И как-то днем уснул на диване возле «радиоточки» — приемника, который висел на стене в каждой советской квартире. И вот я слышу, что передают тот рассказ, который я силюсь написать. Я встаю и думаю: «Вот же подлец, что он говорит?». Сажусь за стол и записываю слова, которые доносятся из динамика. Допечатав, ложусь на диван. Просыпаюсь уже под вечер. Сразу же понимаю — приснится же такое. Радиоточка еще вещает. И вдруг вижу на столе исписанные листы. И понимаю, что рассказ написан до финальной точки. Я не знаю, что это было, но такие случаи происходят. Я пишу в измененном состоянии сознания. И это непередаваемое ощущение. Вот на эту тему у меня есть эссе «Встреча в Тамбове» — про то, как Андрей Платонов вдруг увидел себя, наяву пишущего, со стороны. Когда я закончил серию рассказов, я знал: «Это хорошо. У меня получилось».
— Чем вы можете объяснить писательский ступор?
— Природа писательского затыка для меня непостижима. Мне кажется, речь о дисбалансе внутреннего критика и внутреннего писателя. Учитесь входить в трансовое состояние, когда нет никаких внутренних тормозов и критик молчит. Некоторые писатели говорят: критика отключать нельзя. Отвечу так: важен баланс.

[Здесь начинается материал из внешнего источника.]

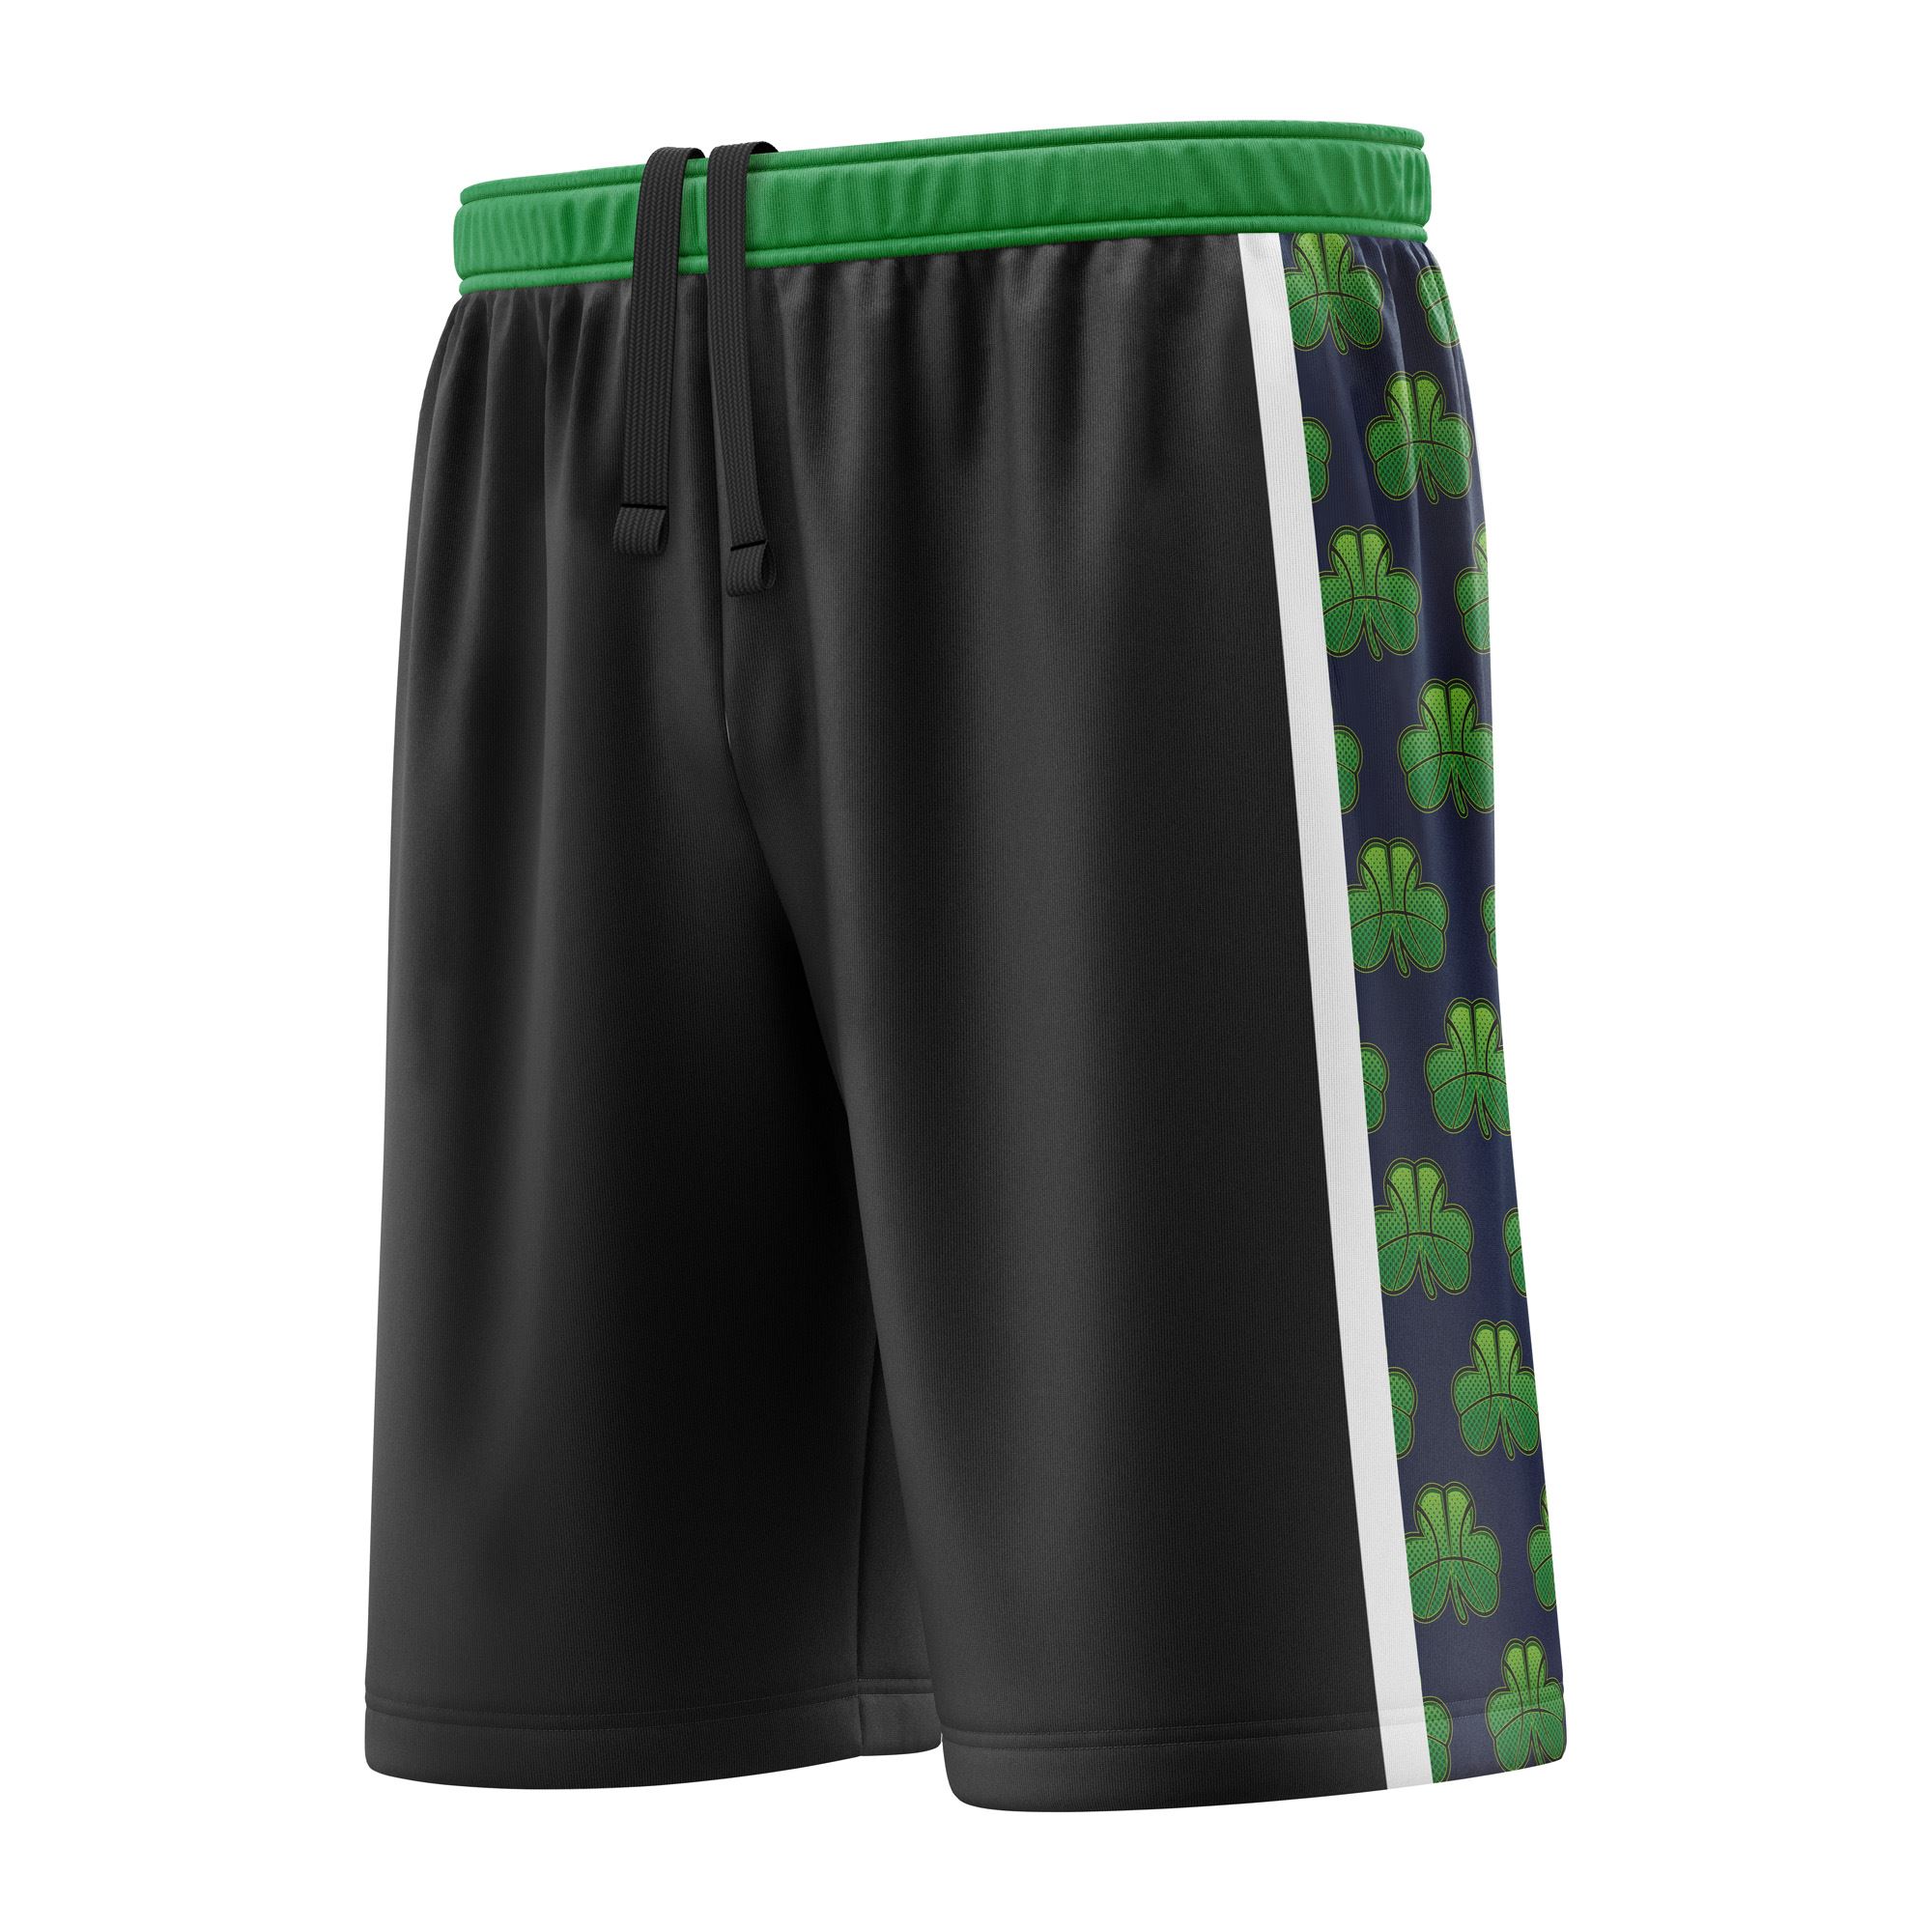 Full-Dye Basketball Shorts - Pro-line Pattern-Left view

Если в писателе сидит «очень-очень большой писатель» и «маленький-маленький, крохотный, как муравей, критик», ничего не получится. Потому что «большой писатель» придавит маленького критика, как клопа. Он начнет говорить: «Молчи, я писатель. А ты муравей. Не тебе, идиоту, знать, как писать великие романы».
— Вы сейчас графомана описали.
— Пожалуй. Или обратный сценарий: «большой-большой критик», стоит только писателю написать пару слов, кричит: «Что ты пишешь, чмо, ты кто такой? Ты самозванец! Выданные литературные потуги — посмешище». И то, и другое — ужасно. Это крайности. Нужен баланс. Гармония в мире построена на балансе. Международные отношения? Они выстроены на балансе. Выстроив такой баланс внутри себя, ты освобождаешься и получаешь право работать. Стоит критику или писателю вылезти, возвыситься, сразу натыкаешься на «кочку», спотыкаешься и сбиваешься с ритма. Временами баланс нарушается. Это «побочный эффект» творчества.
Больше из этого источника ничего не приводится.